Puis il propose de donner à l’ensemble un aspect humain :

L’assemblage est fait […] Modèle-leur maintenant un placage extérieur,[5] qui soit l’image d’un être unique, celle de l’homme, de façon qu’aux yeux de celui qui ne pourrait voir le dedans mais verrait la seule enveloppe externe, ce serait un unique animal, un homme. [6]

La chimère de Socrate est une illustration des conceptions de Platon sur les parties de l’âme. L’homme intérieur représente la raison, le lion c’est la force du sentiment, la bête à plusieurs têtes, qui ressemble à l’Hydre, c’est la multiplicité du désir. Le placage extérieur masque la complexité de l’assemblage, faisant voir une personne unique dans ce qui constitue en réalité un grouillement de contradictions. L’âme est vertueuse quand ces parties sont convenablement accordées, vicieuse dans le cas contraire.

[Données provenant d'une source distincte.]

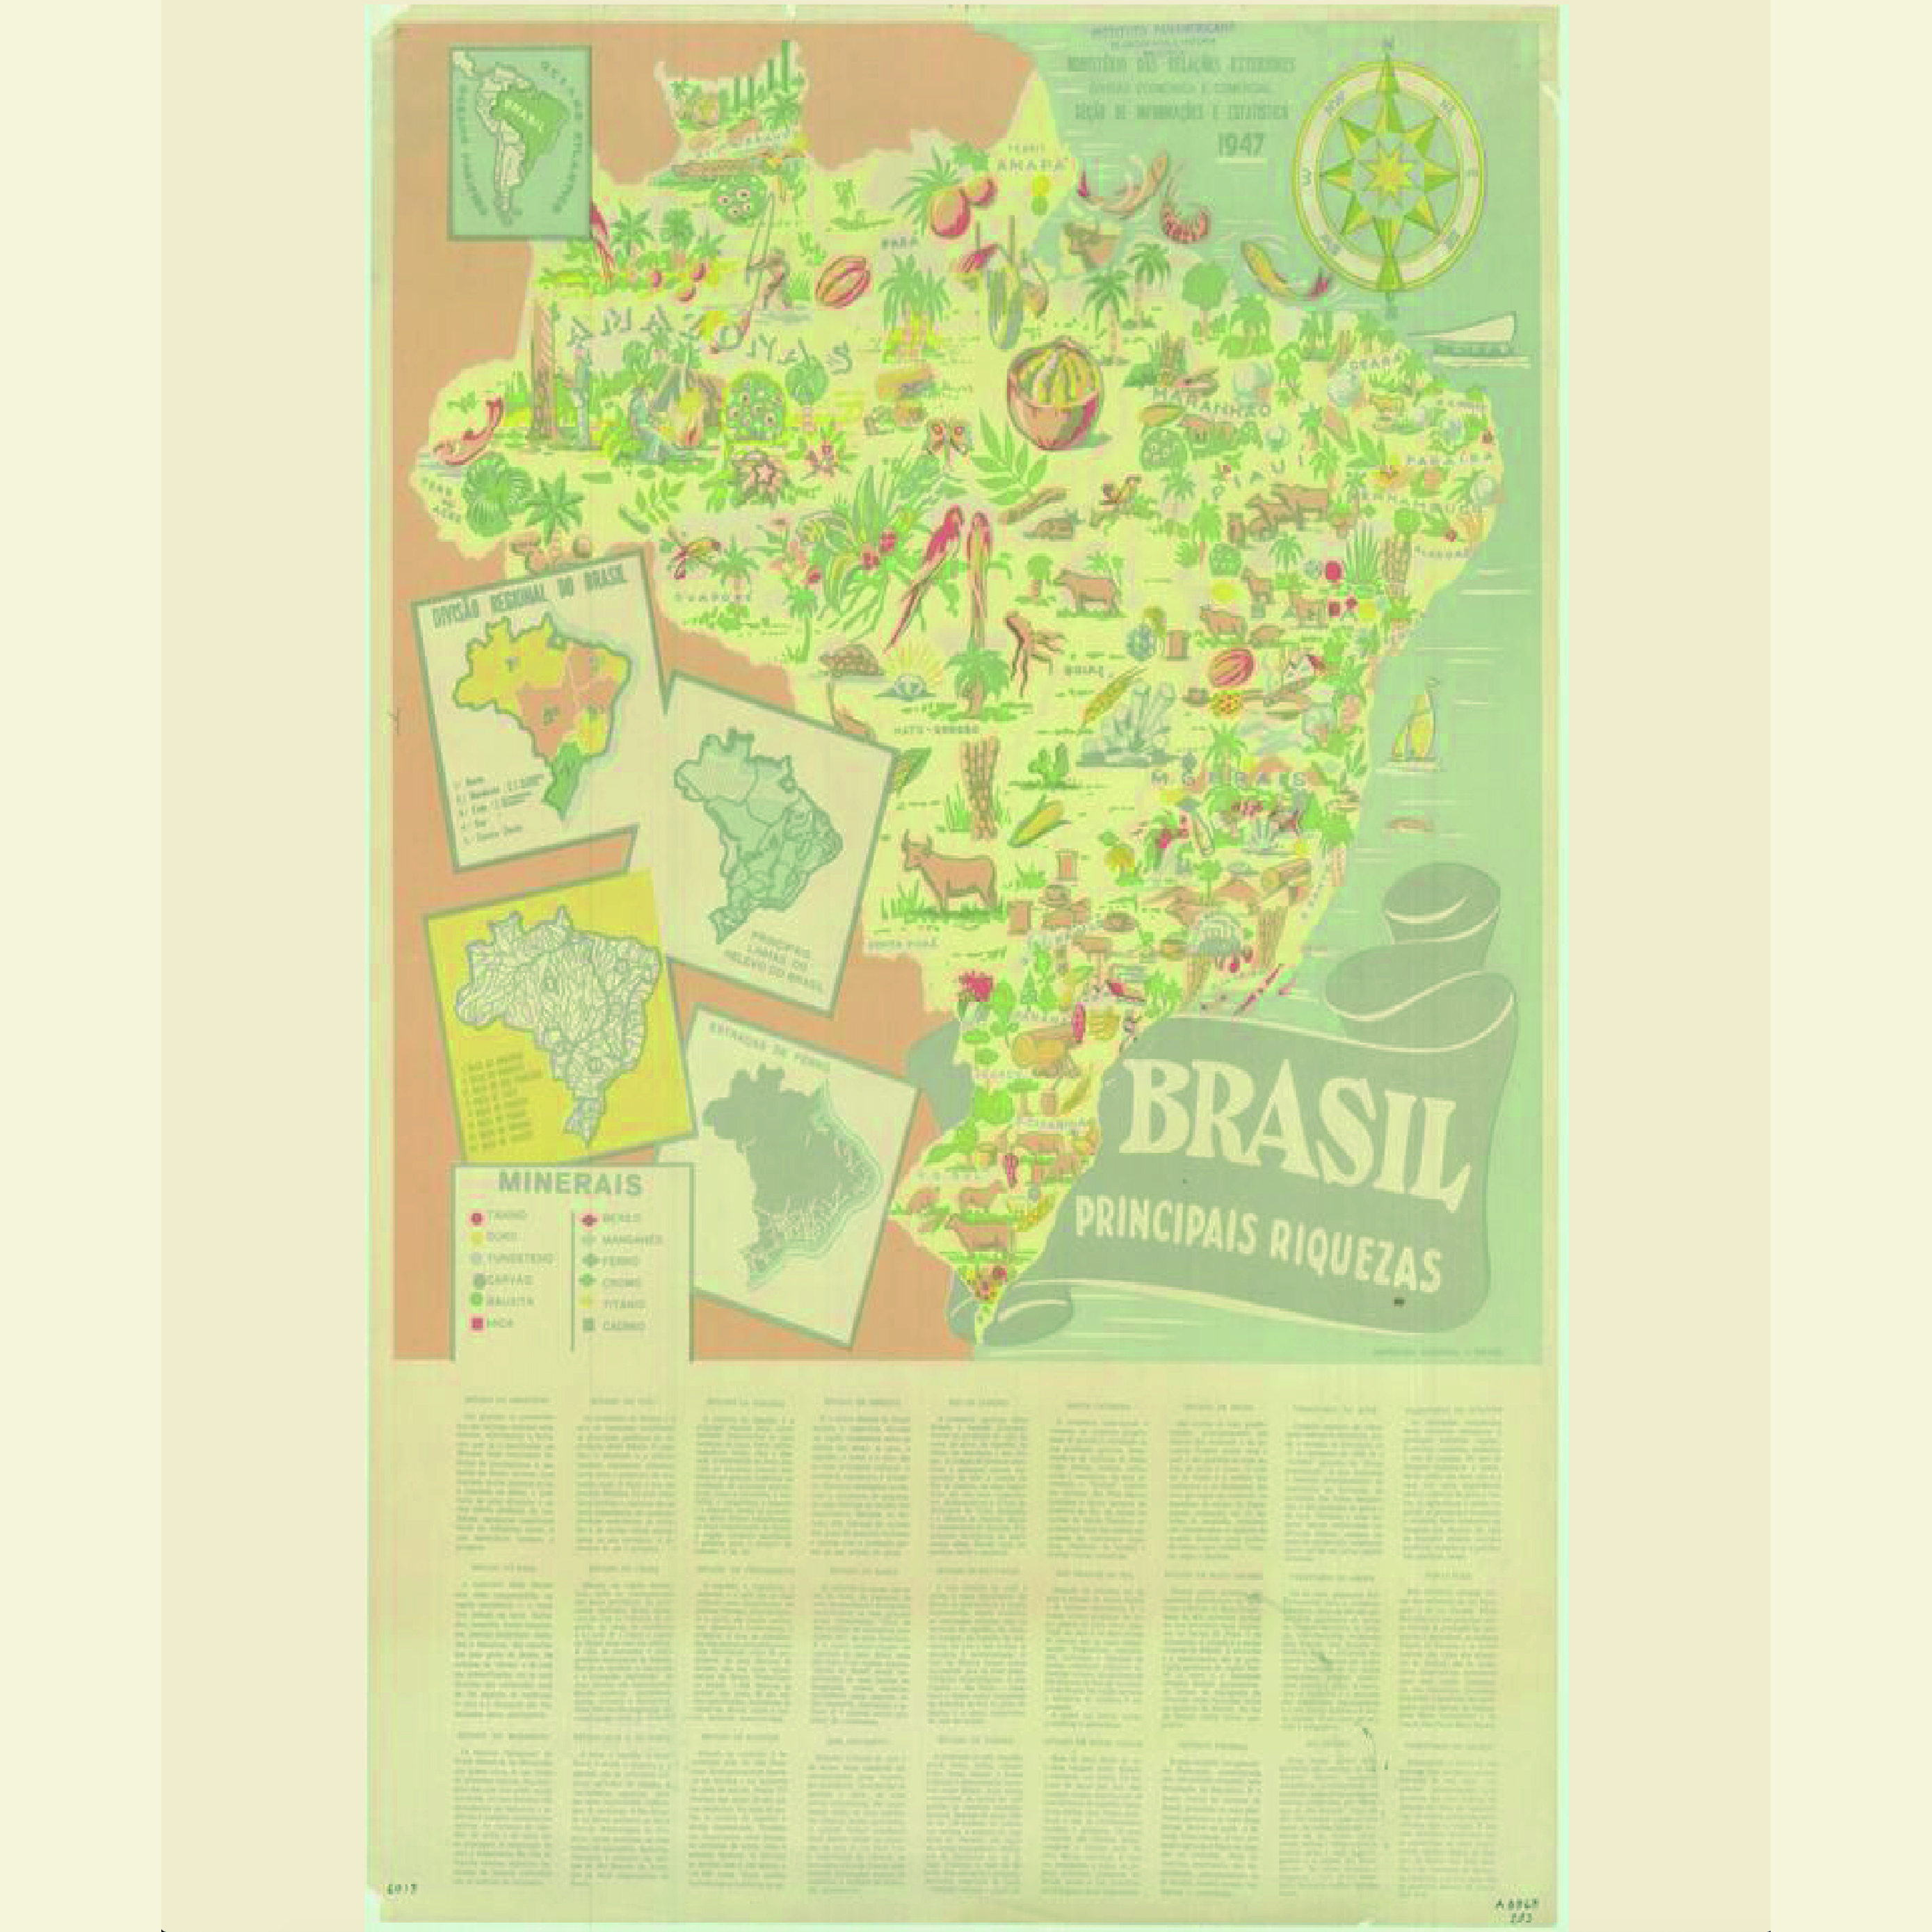 Para conmemorar un año más del Día Internacional de la Madre Tierra, la Mapoteca presenta mapa titulado “Mapa pictórico de Brasil”, elaborado por el Ministerio de Relaciones Exteriores, División Económica y Comercial, y publicado en 1947.

Nous sommes devant le onzième atout du tarot de Marseille comme ceux-là qui ne voient que la seule enveloppe externe de la chimère de Socrate. Pour accéder à ses formes internes, il nous faut décortiquer l’assemblage. Commençons par en supprimer le placage. Nous l’avons vu précédemment, le vêtement du personnage féminin dans la carte du tarot de Marseille a fait l’objet de modifications par rapport au modèle milanais. Il en résulte un aspect étrange, particulièrement dans le bas de la robe.

Nicolas Conver, La Force, 1760 : détail de la robe.

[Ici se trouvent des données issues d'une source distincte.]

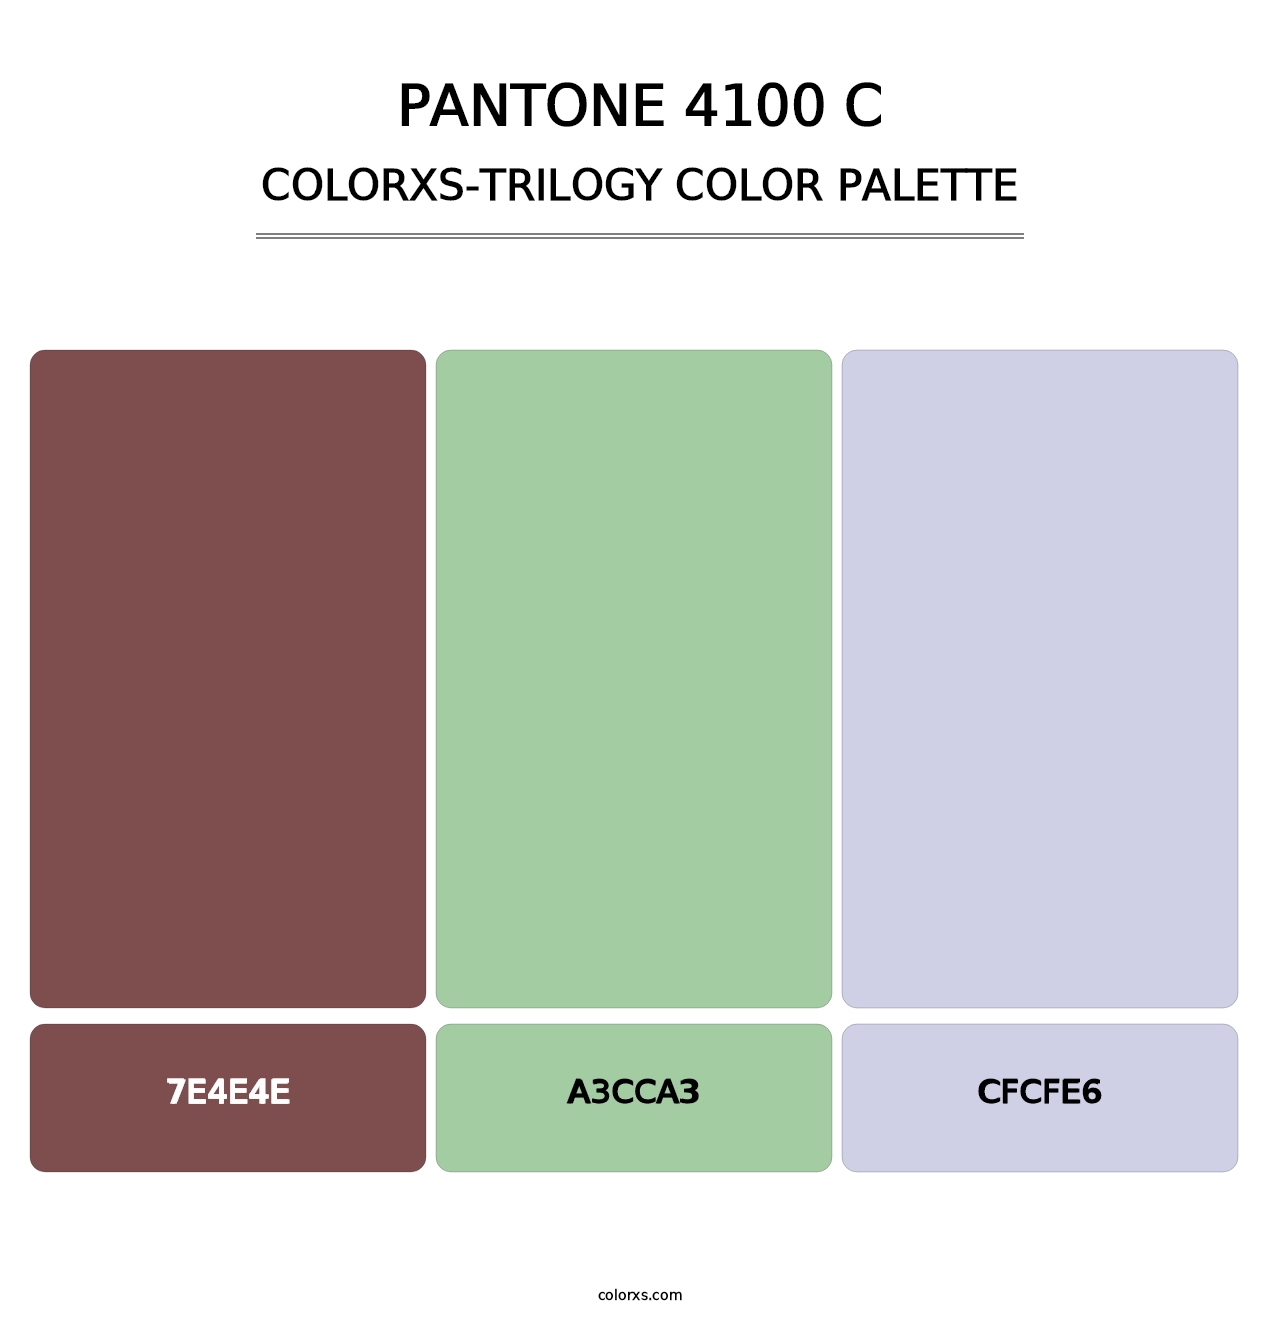 PANTONE 4100 C - Colorxs Trilogy Palette

Il s’y trouve une pièce qui ne semble pas faite d’étoffe. Aucun mouvement de drapé, raideur des traits, épaisseur marquée du matériau : on la croirait taillée dans du bois. D’autre part, elle ne peut, telle qu’elle a été représentée, servir de robe à la femme : elle remonte en effet en entonnoir pour former vers le haut une étroite bande, bien insuffisante pour enserrer la taille du personnage. Cet élément tout d’un bloc n’est donc qu’une illusion de vêtement. Mais il présente en revanche toutes les caractéristiques d’un placage. Que faut-il nous attendre à trouver derrière ? Peut-être ce que Socrate avait caché sous son placage. Souvenons-nous que la Force du tarot de Marseille se distingue de celle du tarot de Cary-Yale en cela qu’elle est debout alors que l’autre est assise sur le dos du lion. Or, si elle est bien debout, dans cette position, elle ne peut qu’avoir les jambes serrées ou très légèrement disjointes, insuffisamment en tout cas pour y glisser le corps d’un lion. Mais si ce sont les jambes de la femme qui sont sous sa robe, où donc peut bien être l’arrière-train du lion ? L’image paraît incohérente. À moins que nous acceptions de considérer que l’image est la représentation d’une chimère : cherche-t-on, chez le Centaure, les jambes de l’homme entre les pattes du cheval ? Dans la carte de la Force, il n’y aurait donc pas, sous l’écran de la robe, un lion et une femme, mais une forme hybride résultant de l’assemblage d’une femme et d’un lion.

À suivre dans la deuxième partie.

[1] Platon, La République, 427e-434c: sagesse (428b), bravoure (429a), tempérance, justice (430d).

[2] Platon, La République, 435b-443d.

[3] Platon, La République, 588c (trad. Léon Robin).

[4] Platon, La République, 588d (trad. Léon Robin).

[5] Operimentum, dans la traduction latine de Ficin, c’est-à-dire placage extérieur ou couvercle.

[6] Platon, La République, 588d (trad. Léon Robin).